Crystal Clear’s NMX uses chitin, a fibrous substance found in crab and shrimp shells acquired as waste from the seafood industry, to remove selenium from water, and requires a contact time of as little as five minutes (in contrast to contact times that can range from 30 minutes to weeks or much longer, depending on the contaminant and treatment technique). A short contact time would let a selenium-removal plant process more water, faster.
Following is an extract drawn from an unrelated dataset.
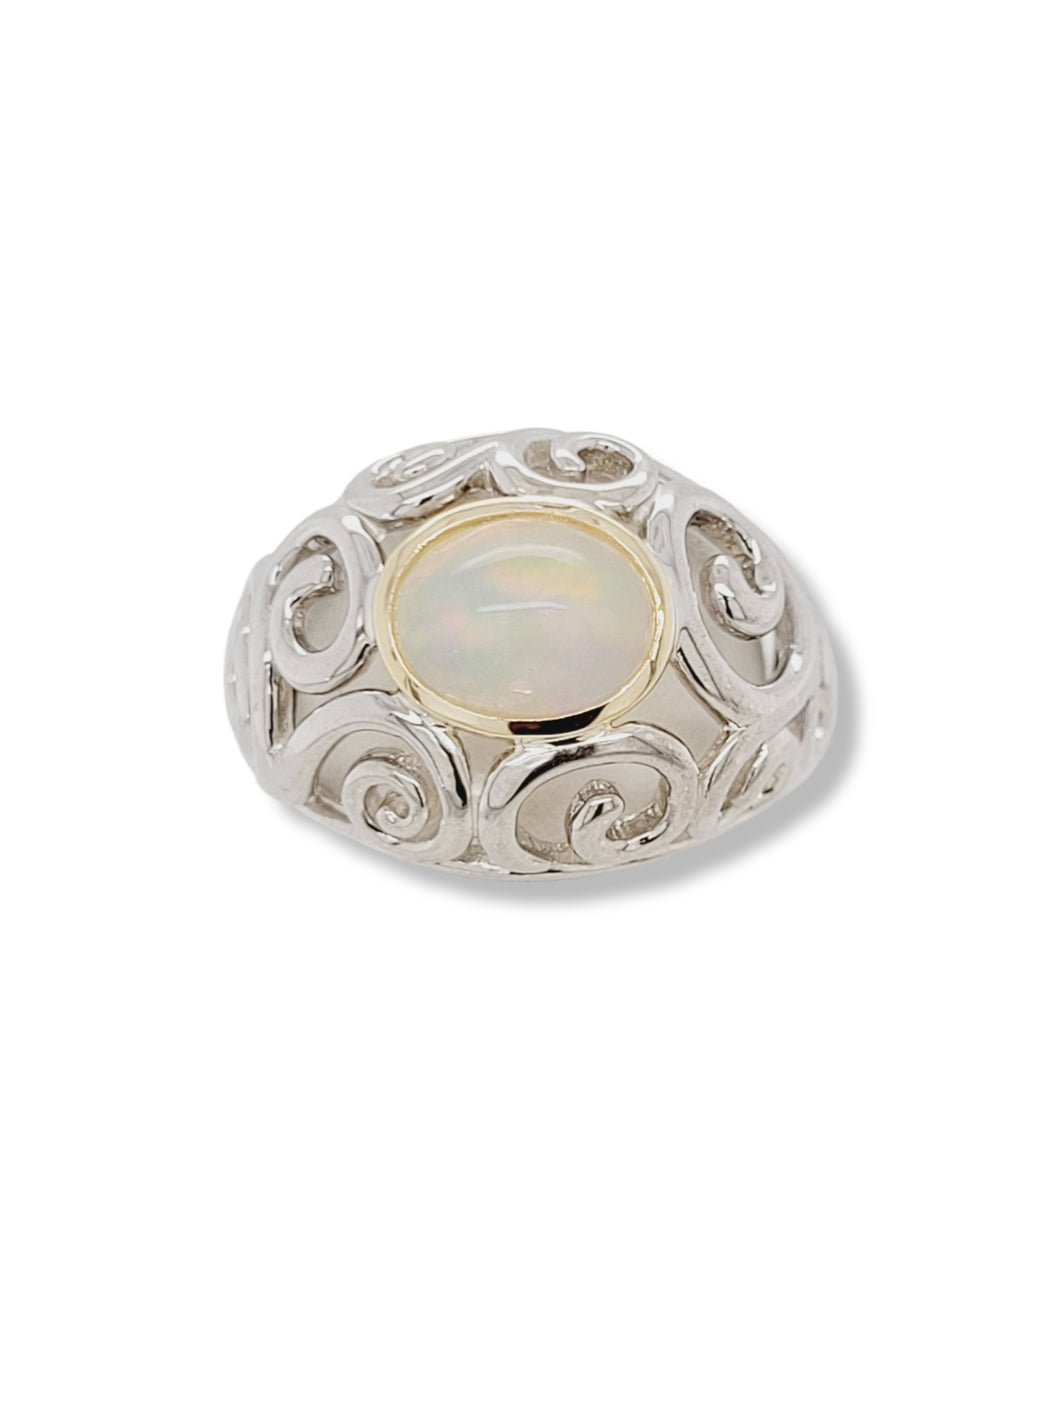 Opal Scroll Sterling Silver and 14k Ring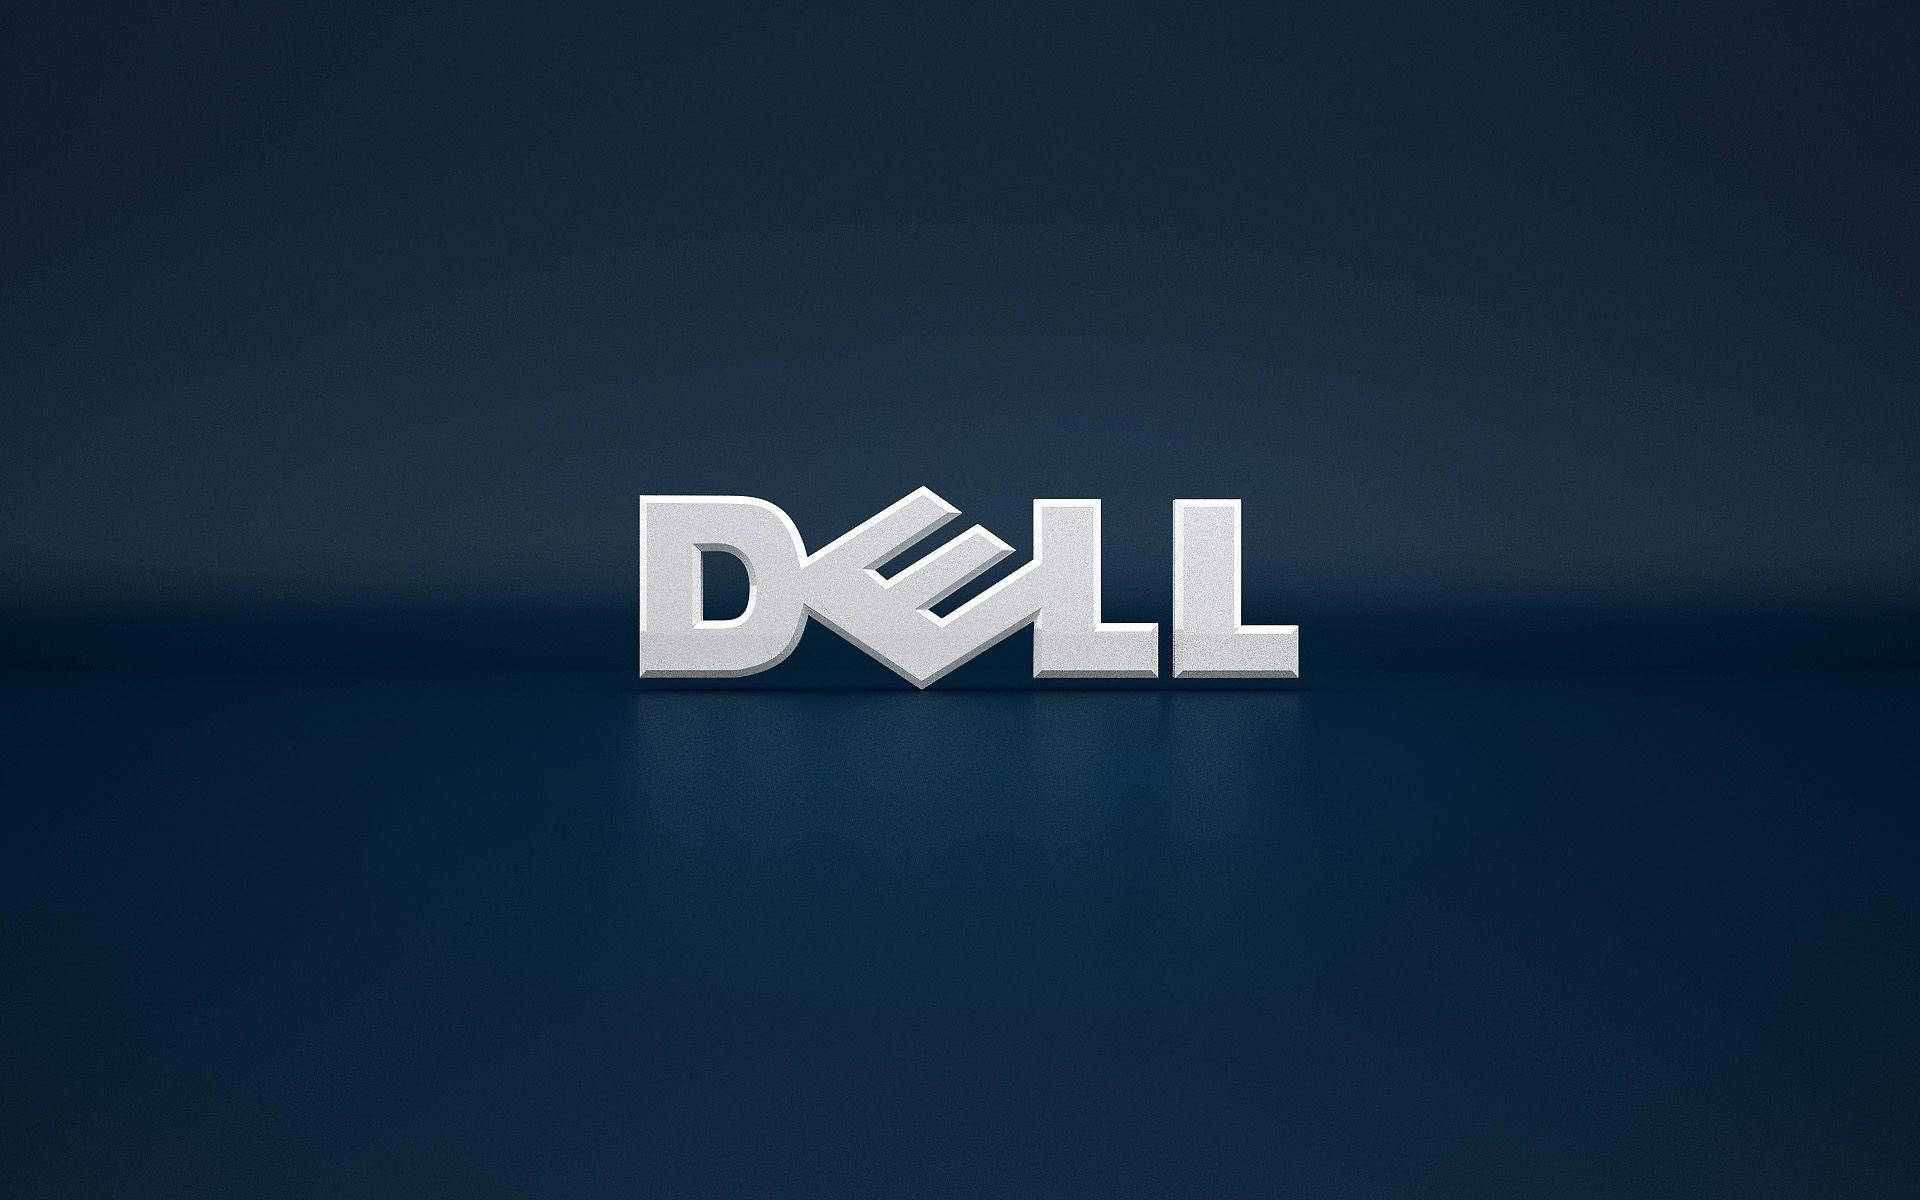 Blue And White Dell Logo Background

A full-scale plant could process a flow as high as 5,000 gallons a minute on each river, according to Crystal Clear.
While other technologies are under consideration for use at the sea, Crystal Clear’s technology has been in tests at Arizona State University for three years, and is currently able to achieve 3 ppb on samples from the region, according to Lisa Farmen, Crystal Clear’s chief executive.
While a pilot plant could be built in three to four months, “it’s going to take some clout far beyond what we can do in a beaker” to provide enough freshwater for the wetlands plan, Farmen says. And by clout, she means money.
While costs for the state’s 10-year Salton Sea Management Program could eventually range from about $400 million to as high as $1 billion, according to Wilcox, there is currently only about $60 million available, and further funding is envisioned from an uncertain (and not yet secured) patchwork of bond measures, philanthropic organizations, partnerships and other sources.
Clean Water for Fresh Air
If funding for selenium remediation cannot be secured, the potential toxicity of the playa around the Salton Sea would affect an area renowned for its biodiversity, which hosts perhaps the most diverse and important population of bird life in the continental U.S. “One thing that makes the Salton Sea important is the fact that it is the most important feeding site and resting site for birds that migrate up and down the Pacific Flyway,” said Bradley.
Even if the state can find funding, the plan calls for only about half the “dusty beaches” to be covered by wetlands, Bradley says. Whether the beaches are secured or not, the health effects of the exposed playa could be felt from Los Angeles to Arizona, and they may well not be minor. Bradley compares the situation to that at Owens Lake near Death Valley, which was drained a century ago to provide water for Los Angeles, and has been called the single largest source of dust pollution in the U.S. Bradley also cites Russia’s Aral Sea, which lost 90 percent of its surface area to irrigation, creating a toxic desert that has led to serious health problems for the surrounding population.
“There are a number of examples around the world of what happens when you dry up a salt lake and how disastrous that is for a region,” Bradley said. “California is well on its way to doing exactly that. It’s really quite concerning.”
This article was updated to correct the mitigation water provided to the Salton Sea was 800,000 acre-feet over 15 years.